WASHINGTON, March 24 (Xinhua) -- Nearly 40 percent of the COVID-19 patients hospitalized in the United States were younger than 55, according to a recent report of the Centers for Disease Control and Prevention (CDC).
Leading experts told Xinhua that potentially greater activity in the community, increased frequency of international travel, and contact with greater numbers of coronavirus carriers may have played a role.
The CDC report looked at COVID-19 cases in the United States from Feb. 12 to March 16. A total of 4,226 COVID-19 cases had been reported in the United States as of March 16, with reports increasing to 500 or more cases per day beginning March 14.
Among 508 patients known to have been hospitalized, 38 percent were aged between 20 and 54, according to the report. Besides, 9 percent were aged over 85, 36 percent aged between 65 and 84, and 17 percent aged between 55 and 64.

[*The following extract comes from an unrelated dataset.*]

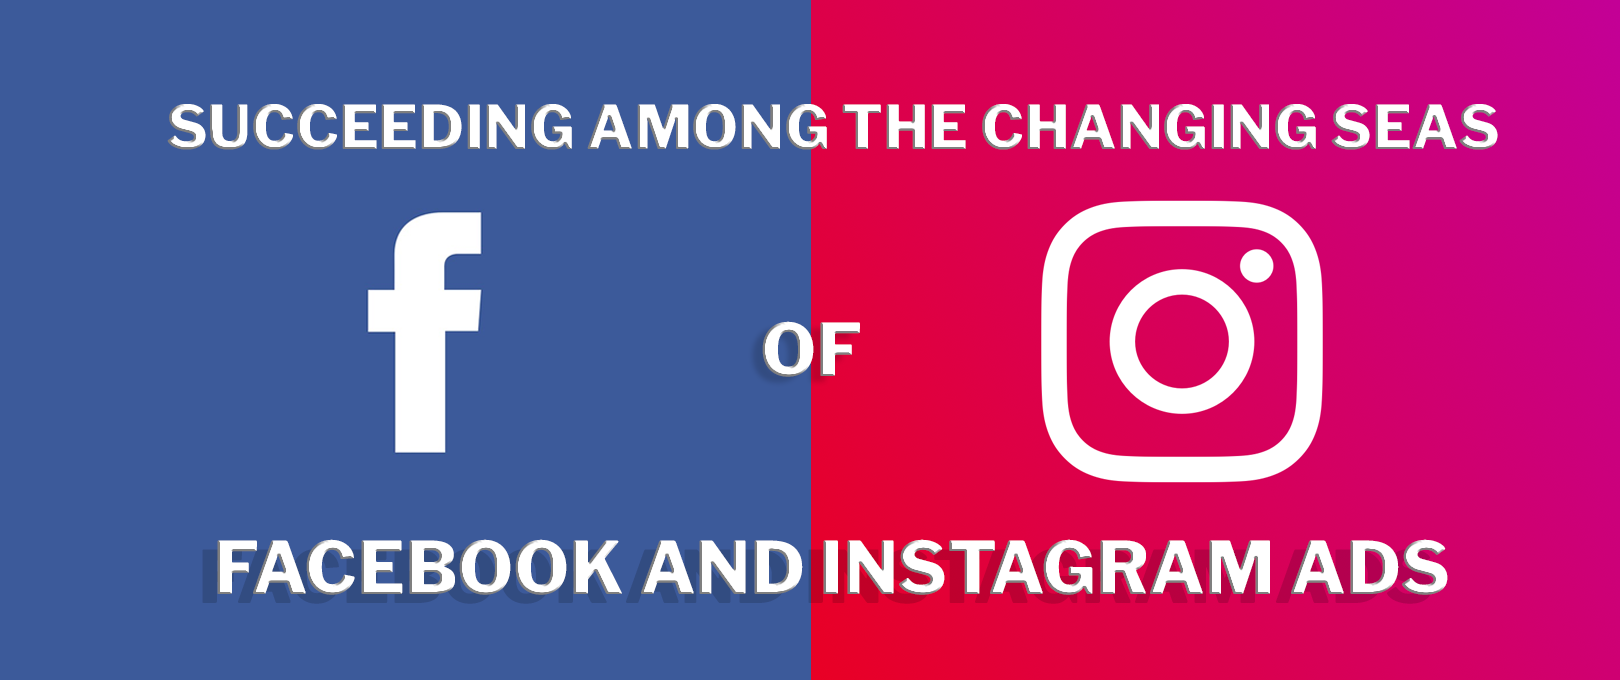 Succeeding-Among-the-Changing-Seas-of-Facebook-and-Instagram-Ads

"The reason for younger adults making up a large percentage of coronavirus hospitalizations in the U.S. remains a matter of speculation, such as potentially greater activity in the community, increased frequency of international travel and/or contact with greater numbers of individuals who may be infected and/or carriers of the coronavirus," said Kent Pinkerton, professor of the University of California, Davis, School of Medicine, in an interview with Xinhua.
Stanley Perlman, professor of microbiology and immunology at the University of Iowa, believed it may have something to do with which age population is most often infected in different countries.
For instance, South Korea also had a large number of younger people being infected. Once they are infected, aged individuals and those with co-morbidities always have the highest case-fatality rate, Perlman told Xinhua.
Robert Schooley, professor of medicine at the Division of Infectious Diseases and Global Public Health at the University of California, San Diego, said the epidemic is still young in the United States and those who are exposed first may be people who are out and about.
As the epidemic gets more mature and these younger people take it home to their parents and grandparents, the average age might change, he told Xinhua.
"Fewer young people live with their parents and grandparents in the United States than in China, and it is possible that this mixing of younger and older people happened earlier in the epidemic in China than in the United States," Schooley said.
"Time will tell if this difference persists," he added.
According to the CDC report, of all the patients, 53 percent of intensive care unit (ICU) admissions and 80 percent of deaths occurred among adults aged over 65 with the highest percentage of severe outcomes among persons aged over 85.
"These findings are similar to data from China, which indicated over 80 percent of deaths occurred among persons aged over 60," said the report.
"We are fully aware older individuals as well as those with a compromised immune system and/or a pre-existing health condition are likely to be more susceptible to coronavirus infection," Pinkerton told Xinhua.
Preliminary data also demonstrated that severe illness leading to hospitalization, including ICU admission and death, can occur in adults of any age with COVID-19.
The CDC report recommended social distancing for all ages to slow the spread of the virus, protecting the health care system, and helping protect vulnerable older adults.
The number of COVID-19 cases in the United States topped 50,000 as of Tuesday afternoon, with 606 deaths, according to the Center for Systems Science and Engineering at Johns Hopkins University.